Buat yang masih di bawah umur 21 DILARANG baca cerita ini, aku nggak ikut nanggung kalau masih ngeyel mau baca😜


***


Za tertawa melihat wajah kesal suaminya.


"Apa aku menganggu?"


Za terkejut melihat kepala yang menyembul dari balik pintu.


"Bapak..kapan datang, silahkan masuk"Za bergegas menghampiri Pak Bisri yang tersenyum kocak di ambang pintu.


"Seperti yang kau lihat Za, sehat walafiat"kelakar Pak Bisri.


Mereka membicarakan tentang rencana kunjungan dari pengawai pemerintahan terkait dan juga bupati setempat.


"Mereka biasanya meninjau Za, dan biasalah kau paham kan maksud bapak"Za mengangguk.


"Kami sudah siapkan segalanya pak, semoga tidak ada kendala, dan kami mohon bapak mendampingi"


"Tentu..dan bapakmu wajib juga datang untuk mendampingi!"

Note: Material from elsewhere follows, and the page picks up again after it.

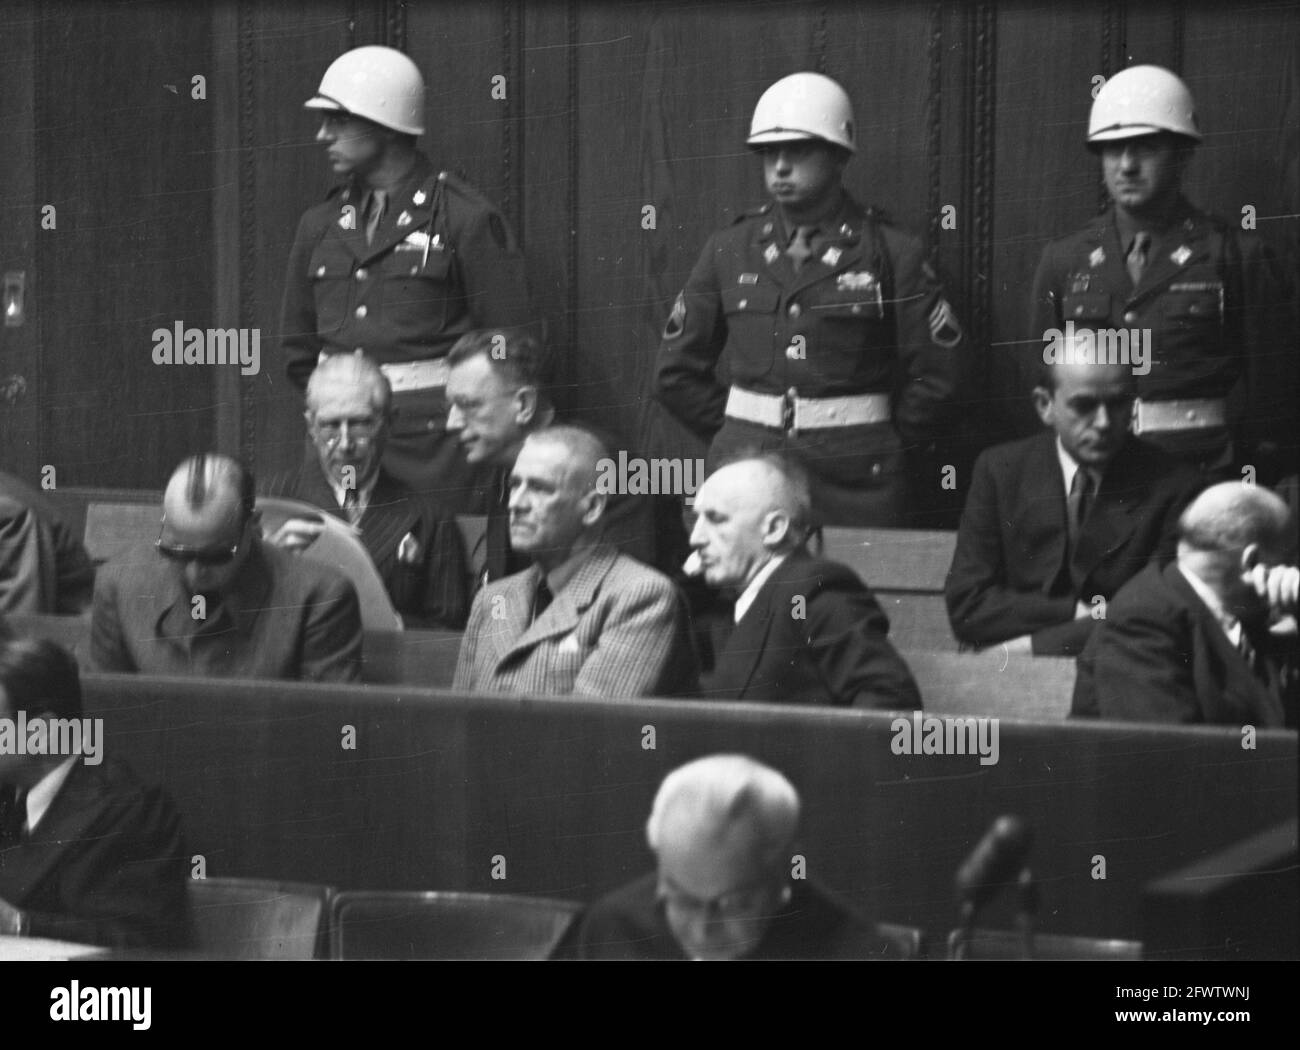 Nuremberg Trial. Back row Von Papen, Seyss Inquart, Speer, in front row Franck, Frick and Streicher, December 4, 1945, war criminals, trials, justice, second world war, The Netherlands, 20th century press agency photo, news to remember, documentary, historic photography 1945-1990, visual stories, human history of the Twentieth Century, capturing moments in time Stock Photo

"Duh bisa nggak ya bang, bapak datang?...Rezki kan masih kecil"


"Nanti kita hubungi bapak ya, semoga saja bisa datang"


Setelahnya Afdi mengajak Pak Bisri bersantap siang ke rumahnya.


Hubungan Pak Bisri dan Keluarga Nathan sudah seperti keluarga sendiri.


Lelaki setengah baya yang keluarganya ada di kota P itu, hampir seminggu sekali datang berkunjung ke rumah Za ataupun ke Perusahaan NT Grup.


-


Vero bersiap berangkat ke kantor, tanpa sarapan ia pergi meninggalkan rumahnya.


"Anak itu semakin sulit diatur!"gerutu Diana kesal.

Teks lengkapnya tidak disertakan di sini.